I now pass over to critique.  Let's first note a distinction that I fudged yesterday for the sake of brevity, brevity being the soul of blog.  Reverting to yesterday's example, it is the distinction between thinking of  a cat (some cat or other) and thinking of a particular cat such as Max Black.  It is one thing to explain how my thought of a cat is a thought of a cat (as opposed to a dog or a kangaroo), and quite another to explain how my thought of Max the cat is a thought of Max. The Thomist theory may well be up to the first task.  But I'm not sure it is up to the second.

Matter is the principium individuationis.  What makes  a cat an individual cat numerically distinct from other cats is its signate or designated matter (materia signata).  In extramental reality, then, Max's individuality is bound up with his signate matter.   But when Max's form exists in my mind with esse intentionale, it is exists in an immaterial way.  What then individuates Max's form as it exists in my mind with esse intentionale?  And if nothing individuates it, then what makes my thought of Max the cat a thought of Max (as opposed to a thought of some cat or other)?

I hope to expatiate further on this tomorrow.

Esse Intentionale and Esse Naturale: Notes on Geach on Aquinas on Intentionality

A theory of intentionality ought to explain how the objective reference or object-directedness of our thoughts is possible.  Suppose I am thinking about a cat, a particular cat of my acquaintance whom I have named 'Max Black.'  How are we to understand the relation between the mental act of my thinking, which is a transient datable event in my mental life, and its object, namely the cat I am thinking of?  What makes my thinking of Max a thinking of Max?

Here is what Peter Geach has to say, glossing Aquinas:

What makes a sensation or thought of an X to be of an X is that it is an individual occurrence of that very form or nature which occurs in X — it is thus that our mind 'reaches right up to the reality'; what makes it to be a sensation or thought of an X rather than an actual X or an actual X-ness is that X-ness here occurs in the special way called esse intentionale and not in the 'ordinary' way called esse naturale.  This solution resolves the difficulty.  It shows how being of an X is not a relation in which the thought or sensation stands, but is simply what the thought or sensation is . . . .(Three Philosophers, Cornell UP, 1961, p. 95) 
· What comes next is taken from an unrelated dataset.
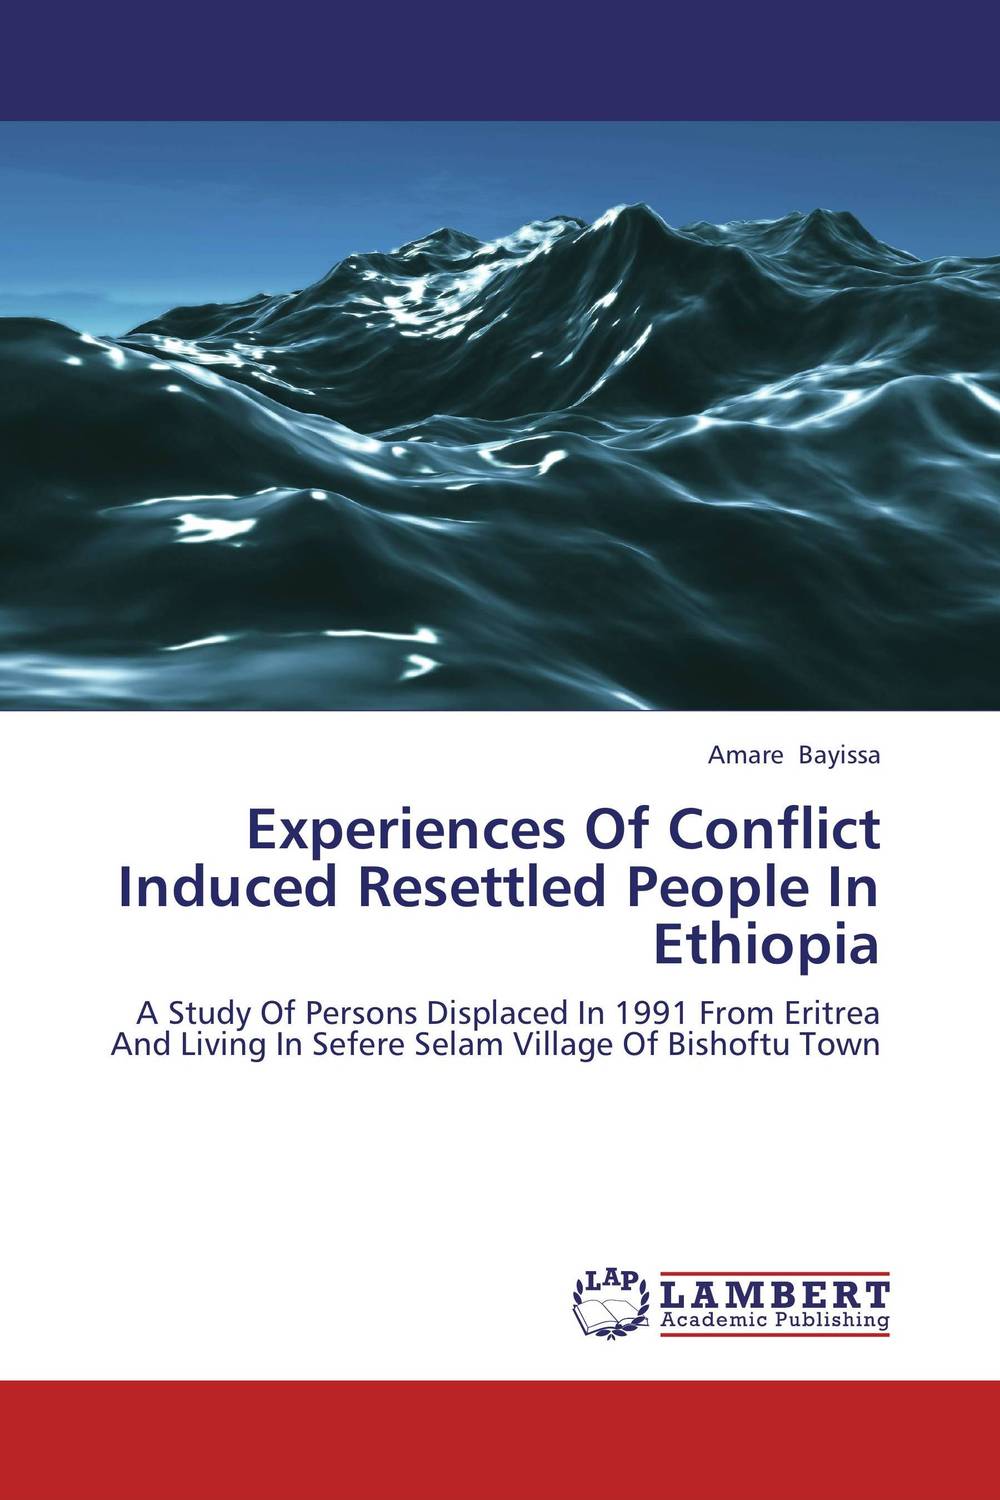 Experiences Of Conflict Induced Resettled People In Ethiopia
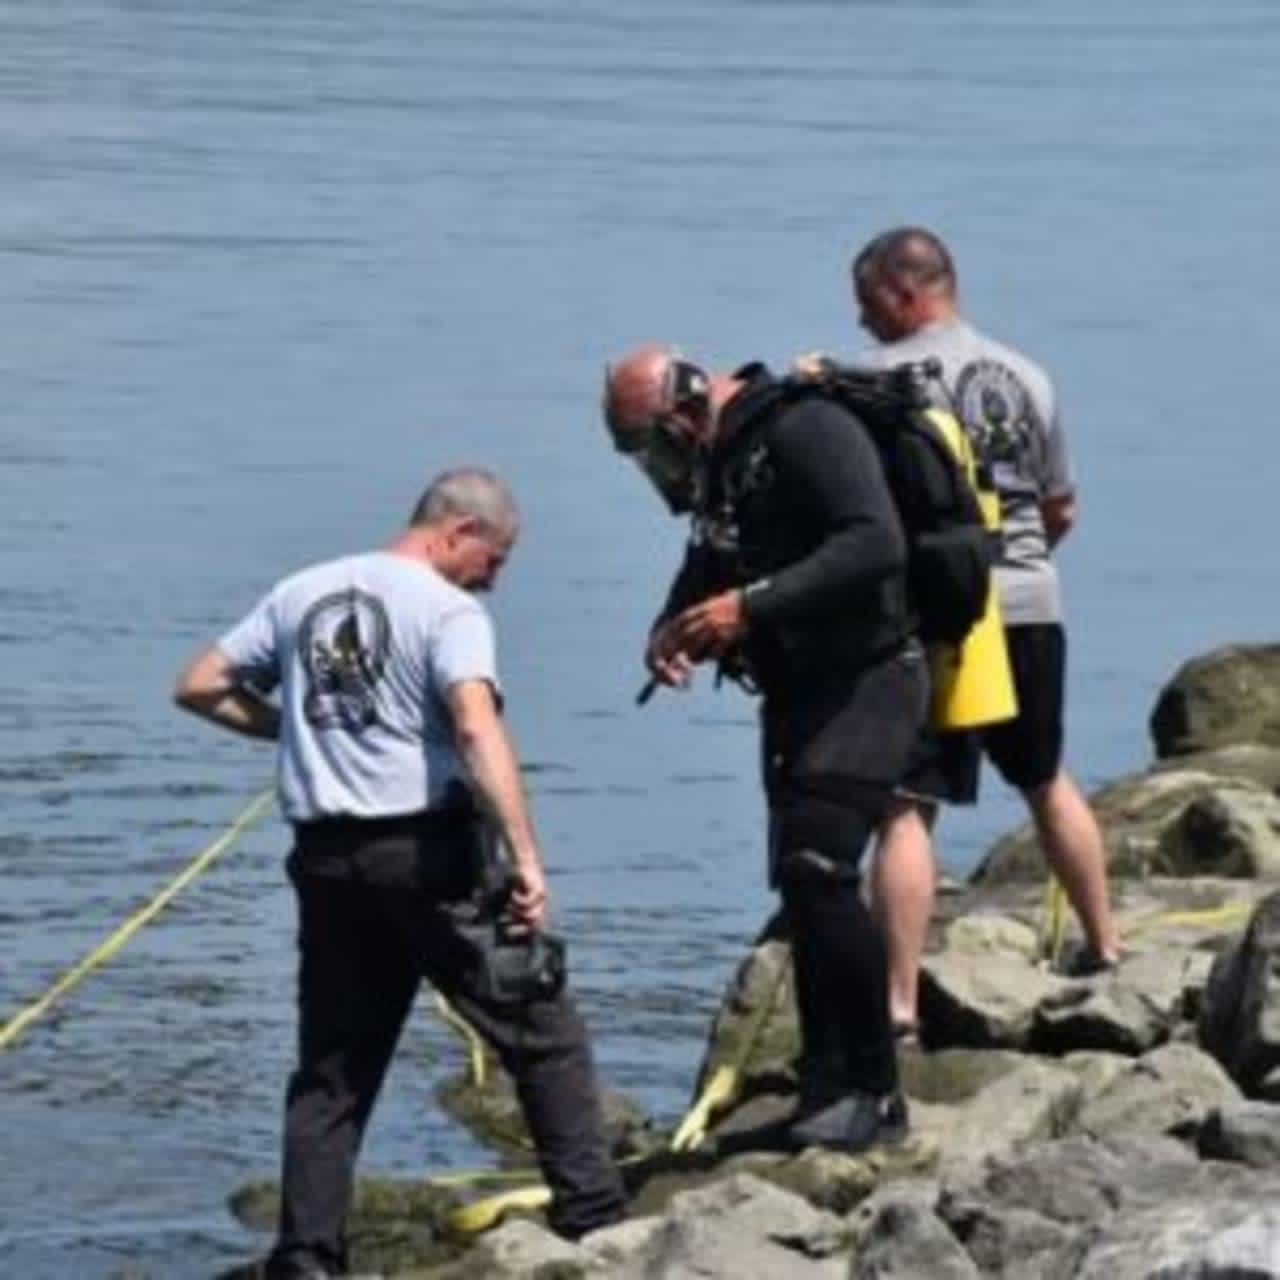 Diver's work to bring Brenda Kerber's vehicle to the surface from the bottom of the Muscott Reservoir.

Geach But what the devil does that  mean?  Allow me to explain.  The main point here is that ofness or aboutness is not a relation between a mental act and its object.  Thus intentionality is not a relation that relates my thinking of Max and Max.  My thinking of Max just is the mental occurrence of the very same form or nature — felinity — which occurs physically in Max.  Max is a hylomorphic compound, a compound of form and (signate) matter.  Old Max himself, fleas and all, is of course not in my mind.  It is his form that is in my mind.  But if felinity informs my mind, why isn't my mind a cat?  Here is where the distinction between esse intentionale and esse naturale comes in.  One and the same form — felinity — exists in two different modes.  Its mode of being in my mind is esse intentionale while its mode of being in Max is esse naturale.

Because my thought of Max just is the intentional occurrence of the same form or nature that occurs naturally in Max, there is no problem about how my thought reaches Max.  One could call this an identity theory of intentionality. 

What if Max were, unbeknownst to me, to cease to exist while I was thinking about him?  My thinking would be unaffected: it would still be about Max in exactly the way it was about him before.  The Thomist theory would account for this by saying that while the form occurs with esse intentionale in my mind, it does not occur outside my mind with esse reale.

That in a nutshell is the Thomist theory of intentionality.  There is more to it of course, and it is open to some very serious objections.  These will be discussed tomorrow perhaps.